= Frank Vennes =

American convicted felon

Frank Elroy Vennes Jr. is an American multimillionaire and convicted felon.

In 1987, Frank Elroy Vennes Jr., was convicted on federal charges of money laundering, illegal firearm sales and cocaine distribution.

In 1990, Vennes announced a religious transformation while incarcerated and became a major political contributor after his release .

Vennes was the primary Ponzi scheme fundraiser for Tom Petters, who was convicted of organizing a Ponzi scheme $3.5 billion in Minnesota.

In 2008, Vennes' homes were raided by federal agents in connection with the Petters Ponzi scheme. In July 2011, he was charged with eight counts of securities fraud, six counts of wire fraud, three counts of money laundering, three counts of bank fraud, and two counts of mail fraud.

On February 1, 2013, Vennes pleaded guilty to charges of securities fraud and money laundering and on October 18, 2013, he was sentenced to 15 years in Federal prison.

==1987 Money laundering conviction==
Internal Revenue Service agents investigating suspected money laundering by certain North Dakota car dealers were informed that Vennes, the owner of a pawnshop in Bismarck, North Dakota, had visited Switzerland multiple times and might have experience transferring funds to foreign countries.

Vennes was approached by an undercover IRS agent posing as an investor from Chicago in 1986. He received $370,000 from the agent over the next three months and transferred the funds to offshore accounts in Switzerland, the Isle of Man and the Bahamas. In one transaction, Vennes personally delivered $100,000 to Switzerland. Vennes alleged that his associates had either stolen or lost the $100,000.

Vennes was charged in three indictments in May 1987. He was convicted on federal charges of illegal firearm sales, money laundering and cocaine distribution. He pleaded guilty to the money laundering charge and no contest to the other charges. He was sentenced to five years in federal prison, and served three at the Federal Correctional Institution, Sandstone.

== Prison religious conversion ==
While in prison, Vennes announced a religious conversion. He was released in 1990 and filed a petition for a pardon. Vennes also filed a suit against IRS, alleging that he had been a victim of entrapment.
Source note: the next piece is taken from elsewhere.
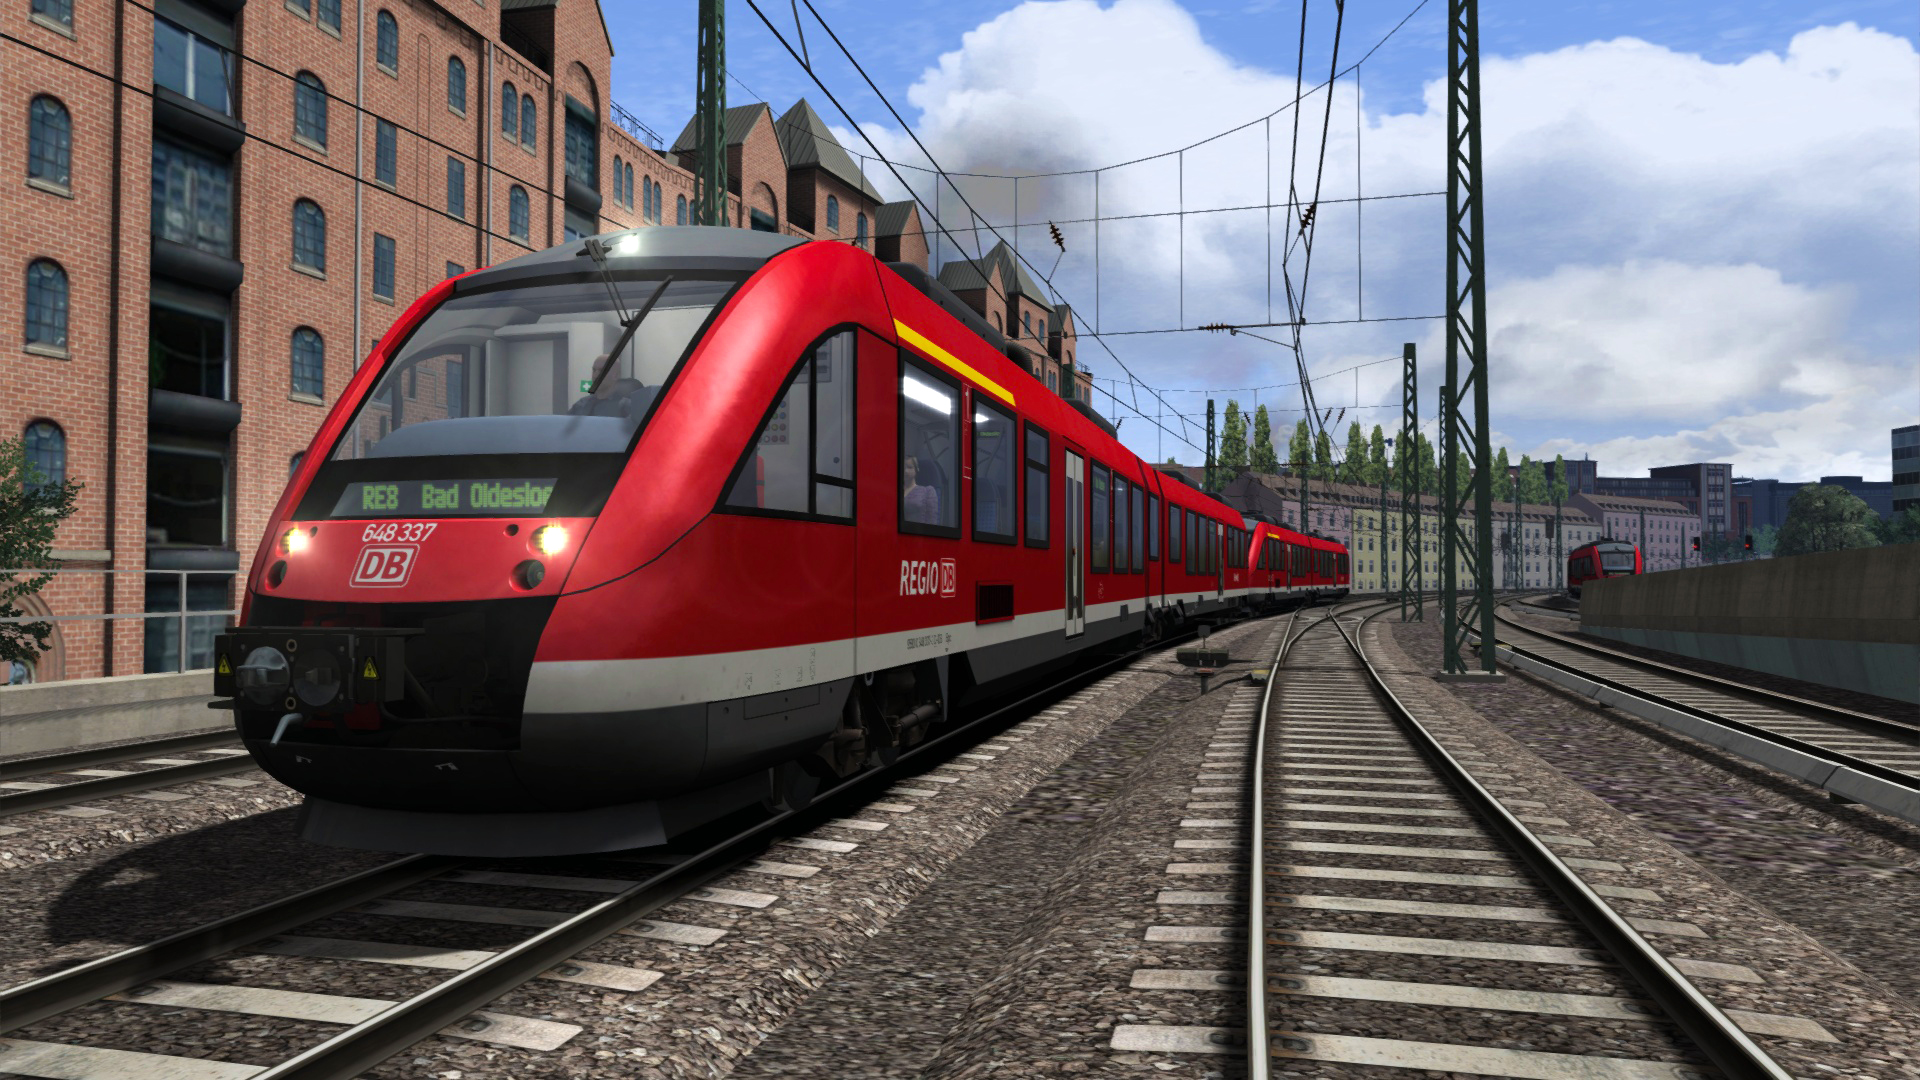 Train Simulator Classic - DB BR 648 Loco Add-On DLC Steam CD Key 0.43$

== Political contributions==
Vennes has been a major financial contributor to the campaigns of former Minnesota Governor Tim Pawlenty and Congresswoman Michele Bachmann. In 2006, he and his family were the top contributors to Bachmann's campaign.

In 2007, Bachmann sent a letter to then-President George W. Bush, recommending that Vennes be pardoned for his crimes. She later withdrew her letter after Vennes' home was raided by federal agents in connection with the Petters Ponzi scheme.

==2013 Tom Petters Ponzi scheme sentencing ==

On September 24, 2008, Vennes' Shorewood, Minnesota home was raided by federal agents in connection with an investigation of Minnesota businessman Tom Petters' $3.5 billion Ponzi scheme. In a basement vault, agents discovered stacks of $100 bills, buckets and boxes of gold and silver coins, boxes of gem stones, trays of jewelry and Rolex watches.

In April 2011, Vennes was indicted in federal court on charges of fraudulently marketing a hedge fund's investments in Petters Company, Inc. (PCI). The indictment alleged that Vennes engaged in 748 transactions involving hundreds of millions of dollars from 1999 through September 2008, and made more than $140 million through investments and commissions. On July 19, 2011, Vennes was charged with eight counts of securities fraud, six counts of wire fraud, three counts of money laundering, two counts of mail fraud, three counts of bank fraud, and two counts of making false statements on credit applications.